[Information shown Boundary: Start]
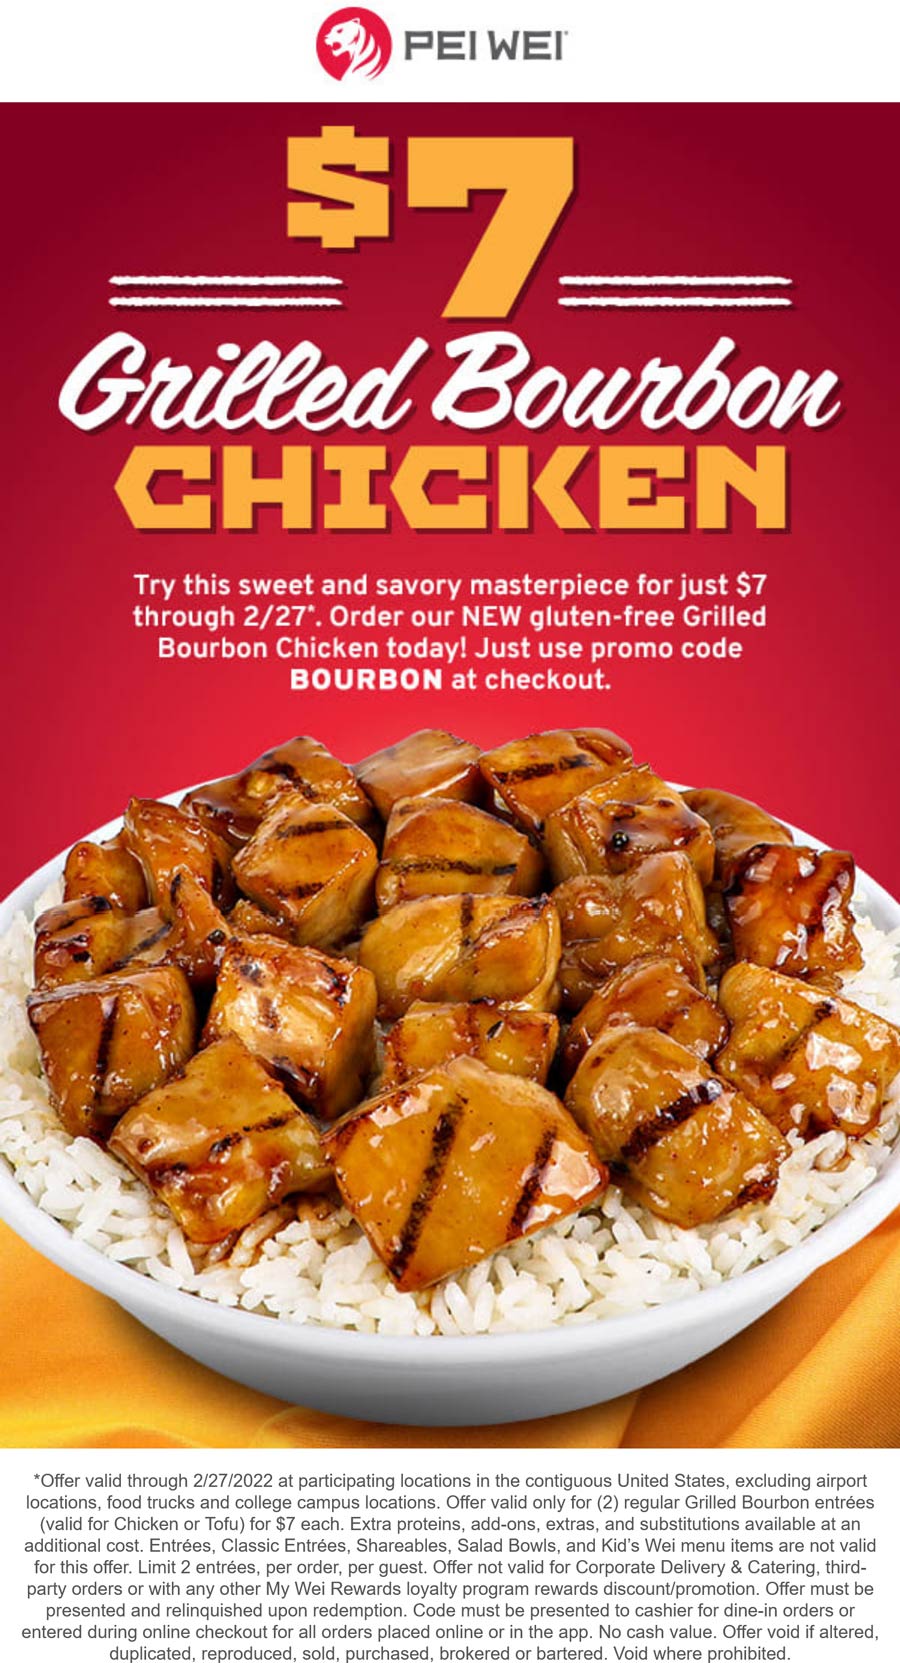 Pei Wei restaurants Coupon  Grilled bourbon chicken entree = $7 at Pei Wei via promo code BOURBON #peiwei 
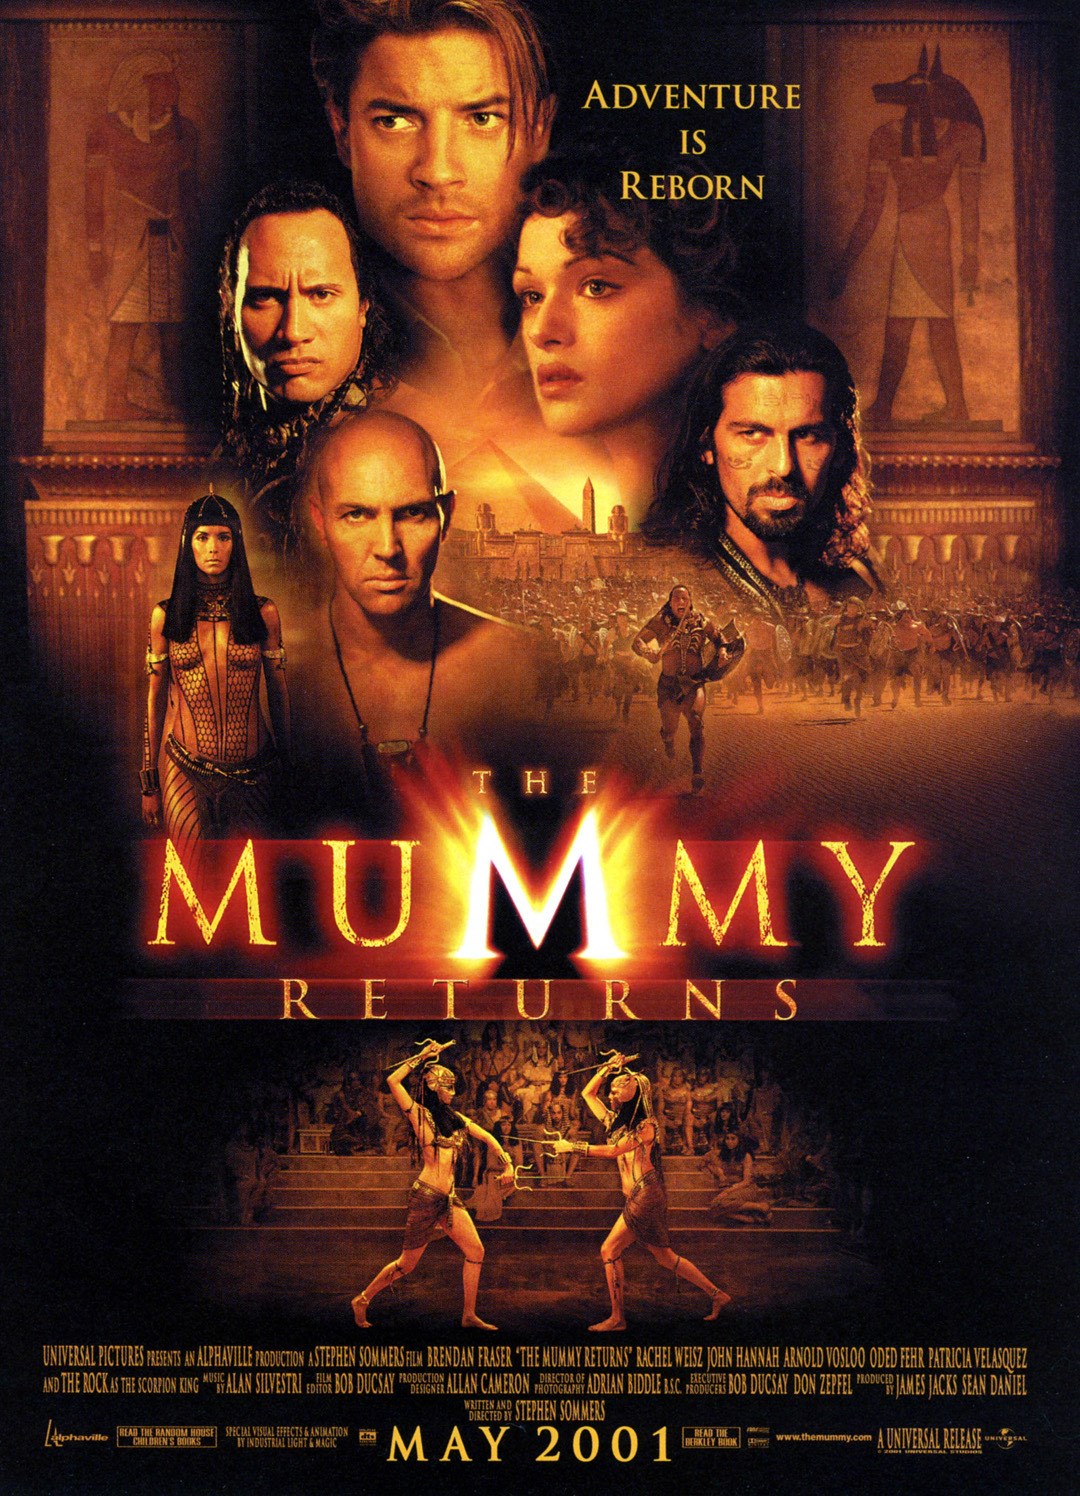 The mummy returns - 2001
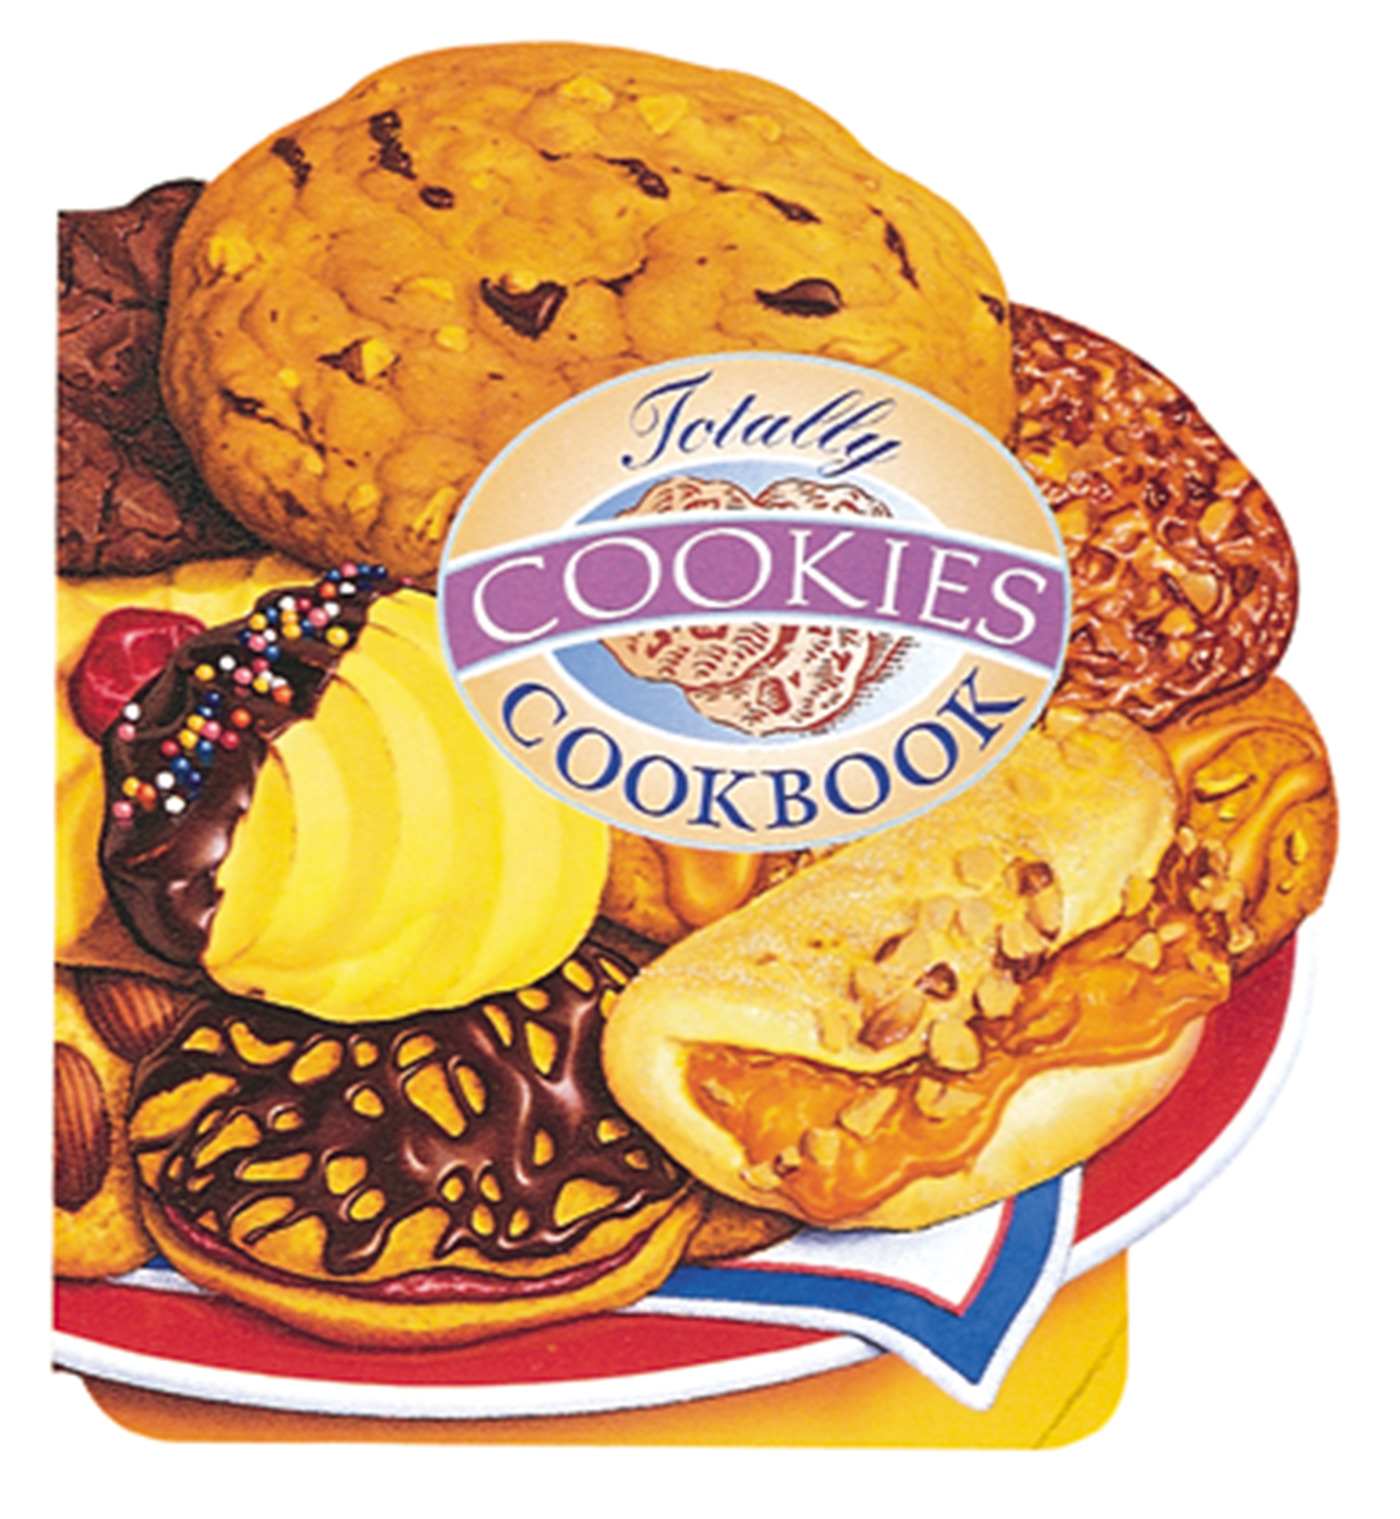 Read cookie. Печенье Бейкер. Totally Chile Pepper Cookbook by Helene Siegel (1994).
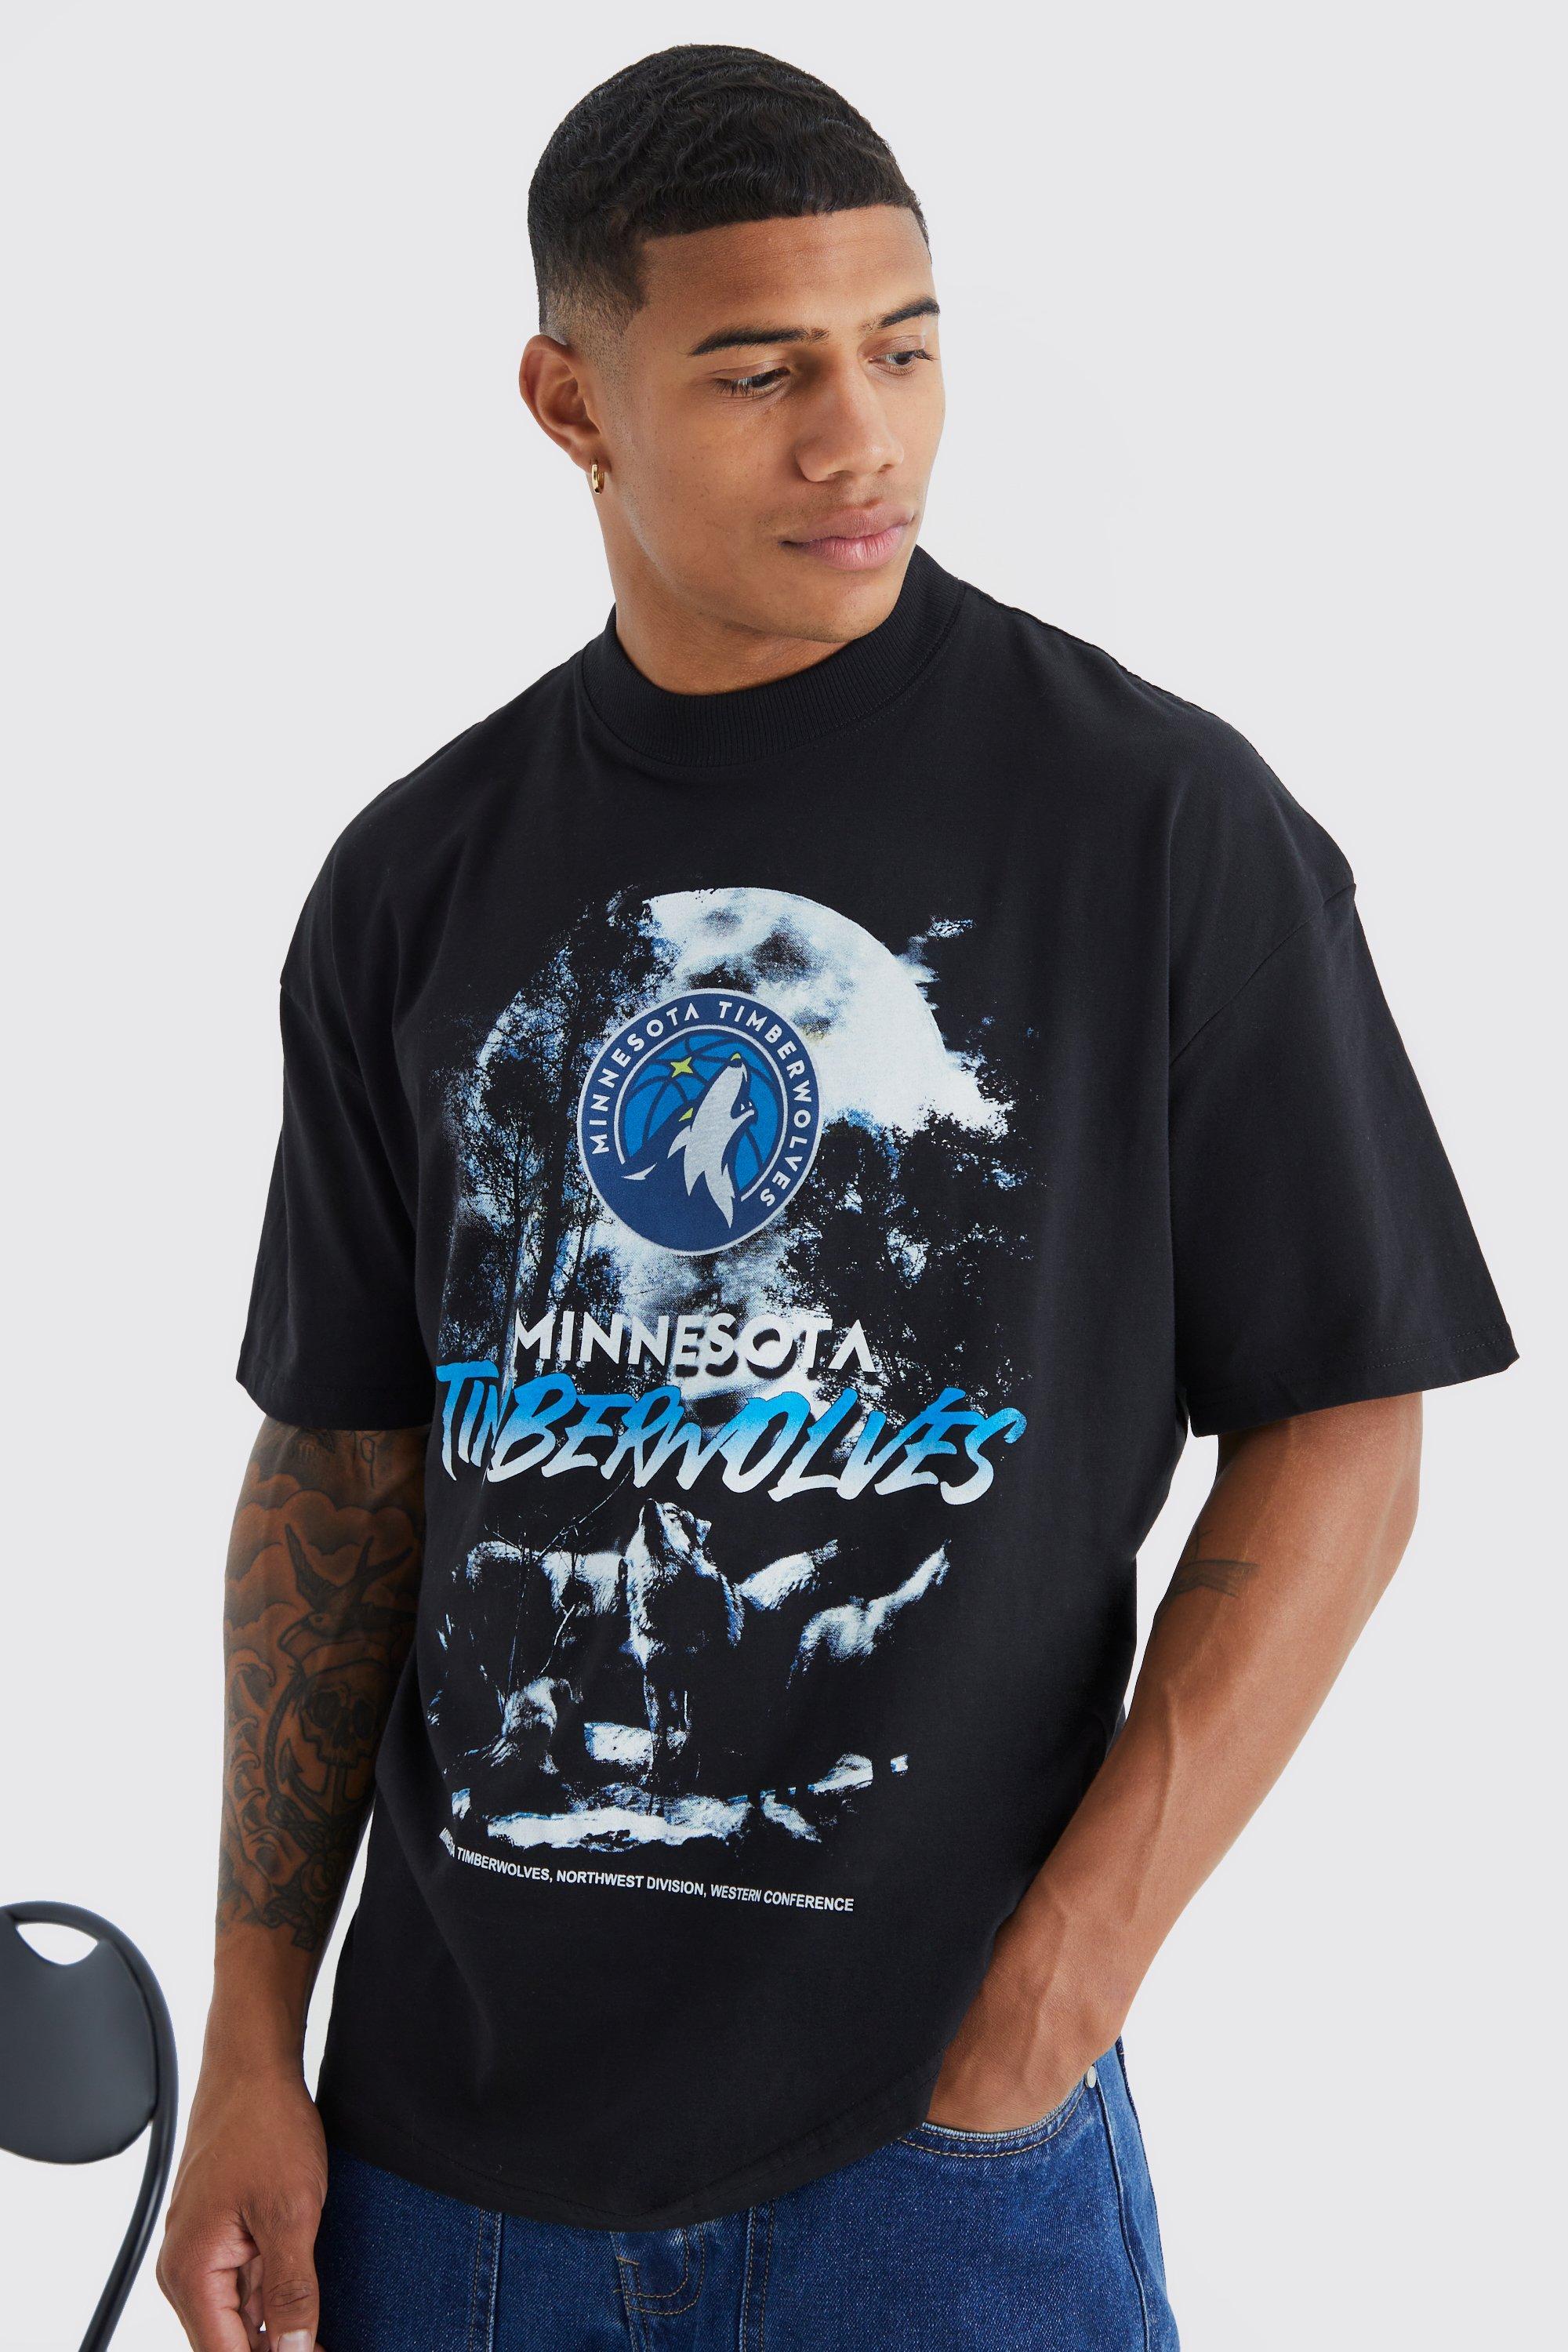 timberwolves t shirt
[Information shown Boundary: End]
▶ _Work to be completed_
Would you retype the material exactly, omitting each picture?

▶ _Response area_
 Pei Wei restaurants Coupon  Grilled bourbon chicken entree = $7 at Pei Wei via promo code BOURBON #peiwei 
 The mummy returns - 2001
 Read cookie. Печенье Бейкер. Totally Chile Pepper Cookbook by Helene Siegel (1994).
 timberwolves t shirt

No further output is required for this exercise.